Featured, Hypervisors, Virtualization Software, VMware

Understanding the Top 4 Performance Metrics in vSphere

vSphere environments can be complex beasts that require a lot of attention and ongoing tuning to get “just right.”  When it comes to ensuring the ongoing acceptable performance of that vSphere environment, there exist hundreds of different performance metrics.  vSphere administrators must traverse the performance metric minefield to identify those metrics that truly matter and that have the most significant positive impact on the vSphere environment.

From a high level perspective, a typical virtual environment has four primary resource areas:

  • Compute.  The compute tier is responsible for executing operations and supports running the code that provides an environment for the virtual machines.  The compute layer is made up of servers, each two one or more processors and with each of those processors bearing one or more processing cores.
  • Memory.  Memory is where programs run and is often one of the first resources to be exhausted in a virtual environment.
  • Storage.  When programs aren’t running, they are stored on disk along with the data that is required by said programs.  In addition, in many modern data centers, servers are scheduled to boot directly from storage, so there are often files related to the operating system (vSphere) located on storage as well.
  • Network.  The network imbues upon the virtual environment the ability to communicate with the world outside.
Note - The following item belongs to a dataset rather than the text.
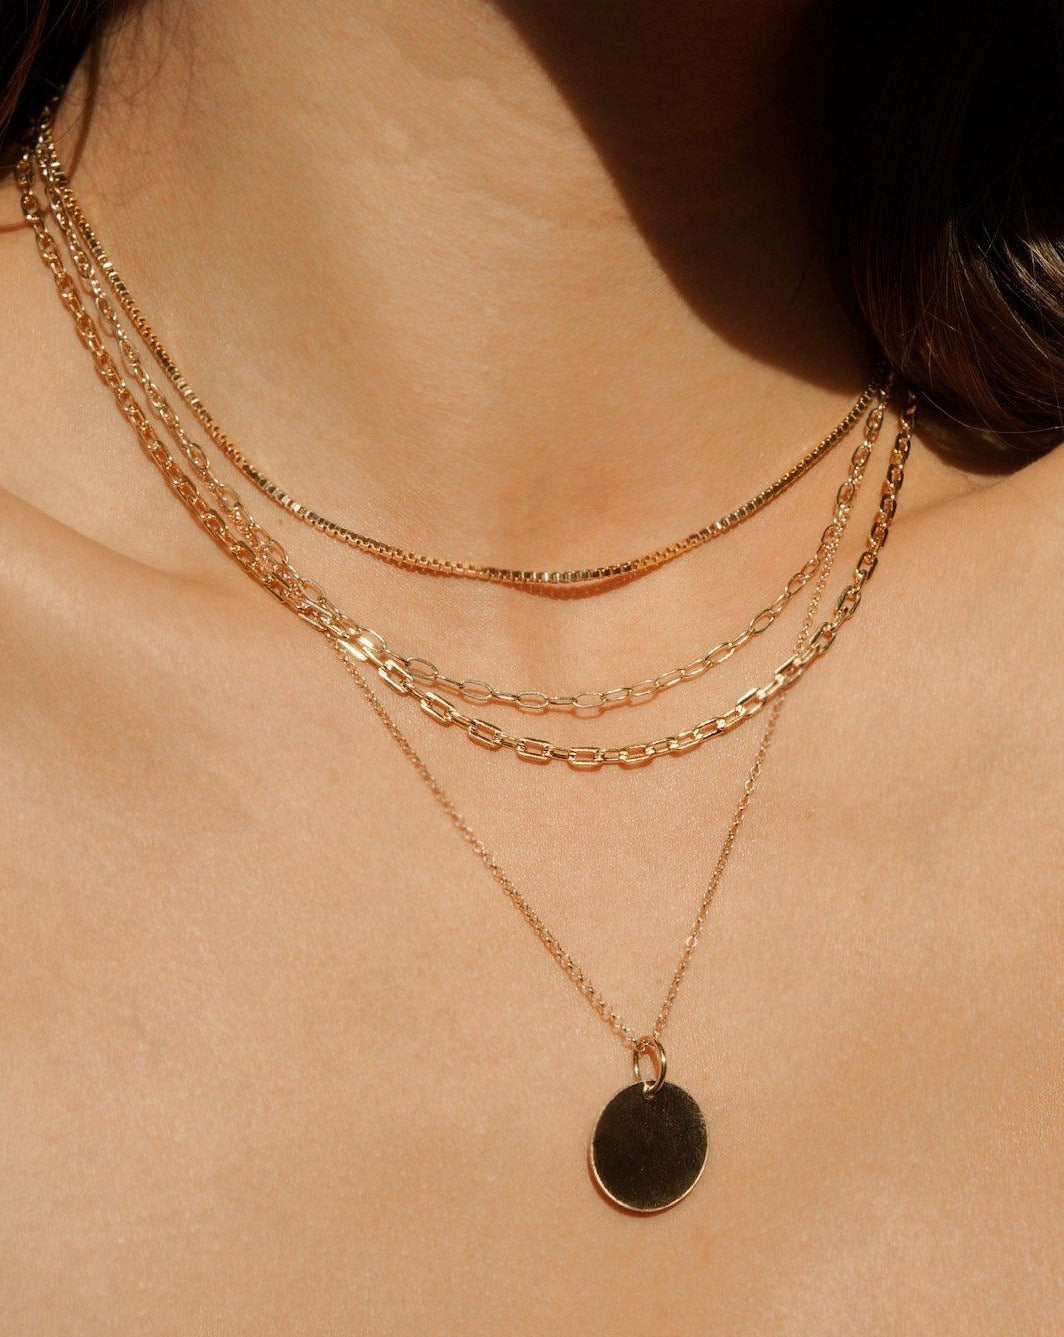 Jova Necklace by KOZAKH. A 14 to 16 inch adjustable length, 5mm Box chain necklace in 14K Gold Filled.

Now, suppose you were tasked with identifying the one performance metric for each of these areas that is absolutely critical to ongoing operation.  The sections below describe the primary performance metric in each of the areas mentioned above.  In future articles, I will dive much deeper into each of these areas.

vSphere administrators must traverse the performance metric minefield to identify those metrics that truly matter…

CPU usage

I have to admit that I was torn between whether to list CPU usage or CPU ready as the primary metric in the compute resource space.  CPU usage provides an administrator with an at-a-glance look at how far the virtual environment is being pushed while the CPU ready metric is a measure for how long it takes for enough physical processor resources to be freed up to service a virtual machine’s needs.  As this article is focused on overarching performance metrics, I decided to focus on the most obvious performance-related metric.

With that said, what is good and what is bad with regard to CPU usage in a virtual environment?  Many agree that a consistent physical CPU utilization metric that stays well above 75% – 80% is the point at which an administrator should begin to consider adding processor resources.  Even though that still leaves 20% of room, bear in mind that many loads still need room to “peak” at certain times, so it’s important to leave a little room.

Disk latency

Disk latency is the amount of time that it takes for a read or write operation sent to a storage device to actually be processed.  This metric takes into account delays that might be introduced due to RAID and other storage configuration decisions.

If you’re seeing average disk latency exceeding 20 milliseconds or so or if you’re seeing major spikes on an ongoing basis, you may be running into issues that could be workload affecting.  For example, I’ve seen disk latency issues break Microsoft clusters.

Obviously, every workload has different levels of tolerance, so do a bit of study before jumping to too many conclusions.  Further, when it comes to disk latency, there can be any number of causes, each of which calls for a different resolution.

  • Perhaps you have too few disk spindles serving too many I/Os.  Solutions may include adding additional spindles or moving to solid state disks.  You may also need to investigate the storage head end to make sure it can keep up with the load.
  • Sometimes, adding additional RAM to a virtual machine can be helpful in these cases, but only if adding that RAM has the potential to lead to less I/O hitting storage.
  • If you have antimalware software on your virtual machines, make sure it’s not running at the same time on all of your VMs.  That activity can spike I/O, increasing overall latency.
  • Make sure no virtual machines are swapping to disk.  See the next item for more information.

Memory swapping on host or virtual machines

In many virtual environments, RAM is the first resource to be exhausted.  Memory swapping – the activity that takes place when RAM is depleted and the system turns to disk as a memory cache – has a profoundly negative impact on performance.  If you see even a single virtual machine swapping to disk, you’re going to see the impact.  As such, make sure that you have assigned enough RAM to each of your virtual machines and make sure that the host has enough RAM to serve all of the running VMs.  In a vSphere environment, if you see swapping taking place, your environment is probably massively overcommitted as swapping to disk is the last of many memory management techniques that vSphere has at its disposal.

As I mentioned before, memory swapping can also have an impact on disk I/O and latency since swapping adds additional I/O load to storage.

If you see any swapping going on, it’s too much.

Network utilization

As is the case with CPU, the most obvious networking performance metric is also the most important.  If you see constant network link utilization above 80% or so, it’s time to add more network capacity.  This can be accomplished by moving to 10 GbE or adding additional bonded network adapters to the existing system.

Summary

It’s important to note that the information presented in this article is just one way to look at the virtual environment.  Every environment is different, so make sure you understand how your workloads operate and use appropriate metrics.  In future articles, I’ll dig deeper into metrics and show you various ways by which you can monitor the health of your vSphere environment.